In Our Trials, God Is Driving Us Toward His Goodness

I love these thoughts from Abigail Dodds, the author of (A)Typical Woman: Free, Whole, and Called in Christ and a regular contributor to Desiring God:

"And Bree now discovered that he had not really been going as fast -- not quite as fast -- as he could."There’s a scene in the Chronicles of Narnia where the young Shasta and Aravis are being pursued through valleys and over ridges by wicked men. Their horses (Narnian talking horses) were running as fast as they could to get away—or so they thought—until the Great Lion also begins chasing them from close range. Suddenly they discover a new gear—a speed that would have never been known apart from this particular terror.

Have you learned this yet? That what you consider your limits aren’t your limits? That you don’t actually know what your limits are? We think we’ve given our all, we think we have no more to give, but actually, we simply have never had our limits truly tested.

I find great comfort in knowing that when my mind says, “I can’t do that—it’s beyond my limits—I can’t endure that particular loss, I can’t live with that particular trial, I can’t face that certain outcome, God is perfectly capable of applying the kind of pressure that will prove me wrong.

And it’s very counterintuitive that God shows us that we most certainly can do the thing we think we can’t —not merely by encouragement or pouring on the affirmation, but by bearing down and increasing the trial.

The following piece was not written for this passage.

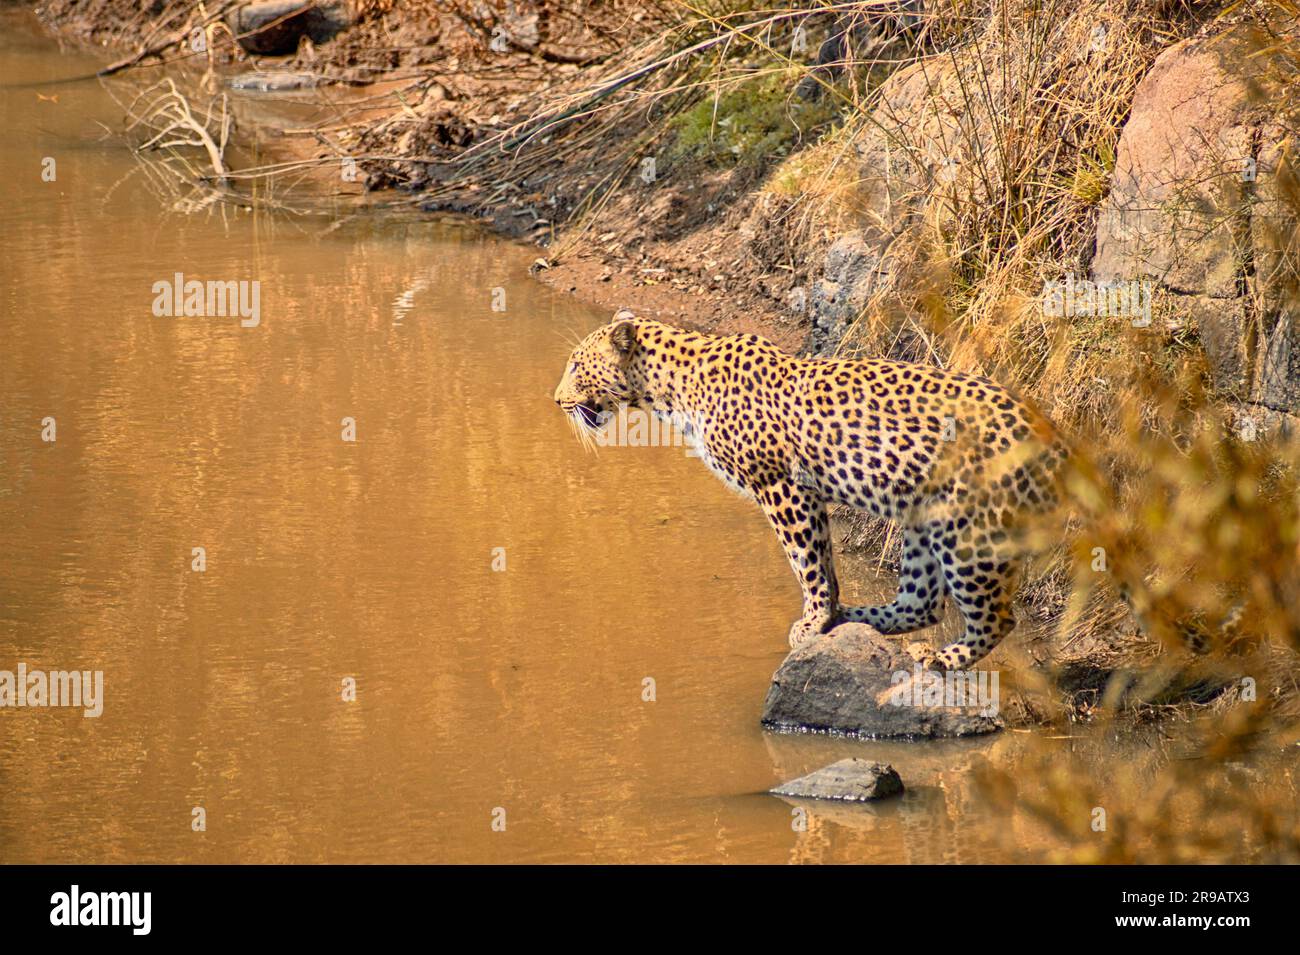 Leopard fishing in a small waterhole in the dry Africa nature in the summertime Stock Photo

Because here’s the truth we miss: His pushing us past our limits is His grace to us just as much as His encouragements are. He’s driving us toward His goodness. He’s pressing us beyond ourselves to new vistas of Himself. And when we’re under the pressure of the Great Lion, never, ever let yourself forget: all His paths are steadfast love. He cares for you.

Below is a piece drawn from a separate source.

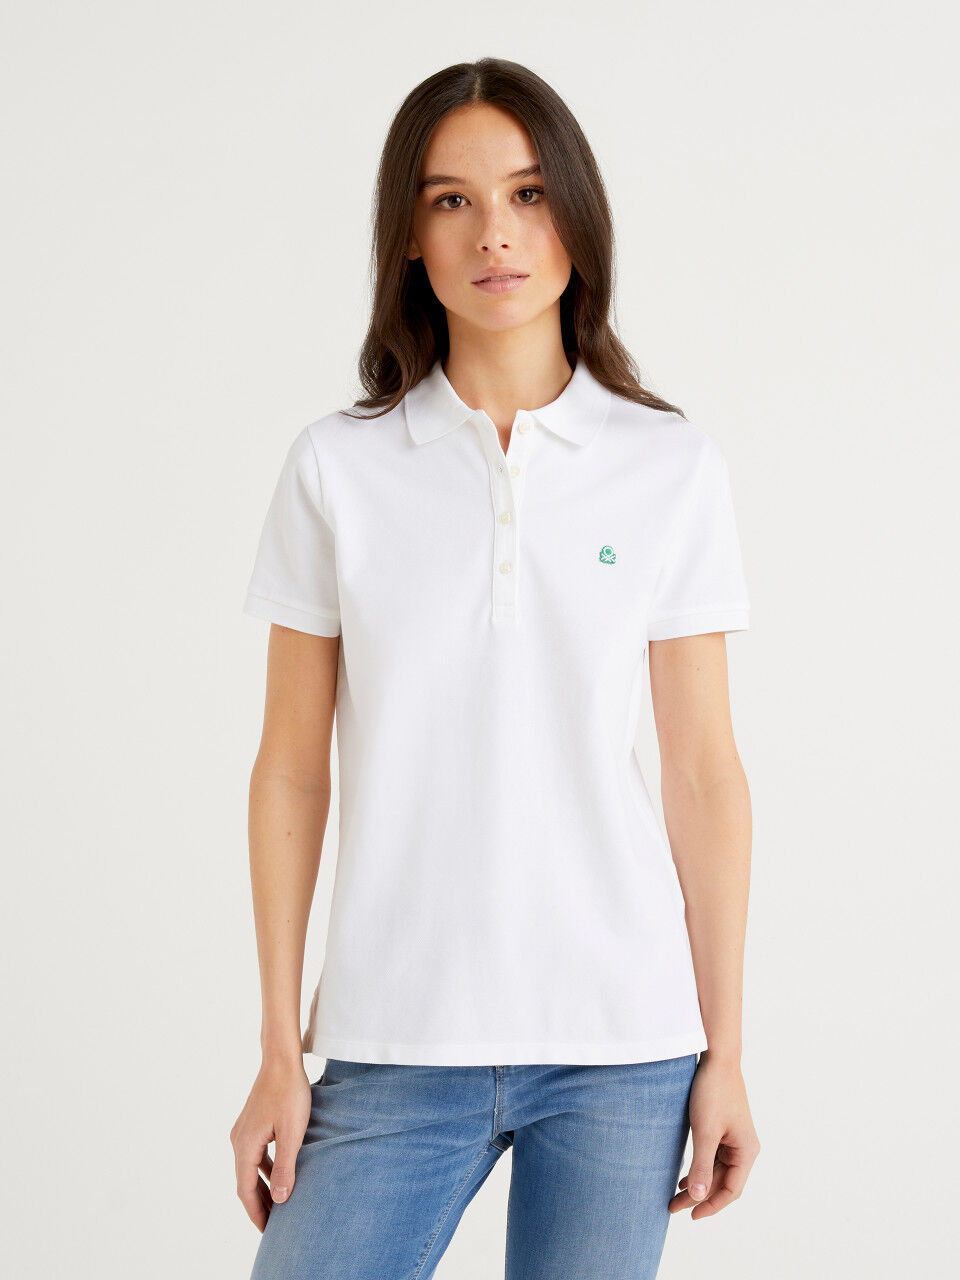 Polo De Style Rugby 100 % Coton United Colors of Benetton Vêtements Tops & T-shirts T-shirts Polos

Joni Eareckson Tada writes in When God Weeps, “Before my paralysis, my hands reached for a lot of wrong things, and my feet took me into some bad places. After my paralysis, tempting choices were scaled down considerably. My particular affliction is divinely hand-tailored expressly for me. Nobody has to suffer ‘transverse spinal lesion at the fourth-fifth cervical’ exactly as I did to be conformed to his image.”

I say this in my book If God Is Good:

God uses suffering to purge sin from our lives, strengthen our commitment to Him, force us to depend on His grace, bind us together with other believers, produce discernment, foster sensitivity, discipline our minds, impart wisdom, stretch our hope, cause us to know Christ better, make us long for truth, lead us to repentance of sin, teach us to give thanks in times of sorrow, increase our faith, and strengthen our character. And once He accomplishes such great things, often we can see that our suffering has been worth it.

God doesn’t simply want us to feel good. He wants us to be good. And very often, the road to being good involves not feeling good.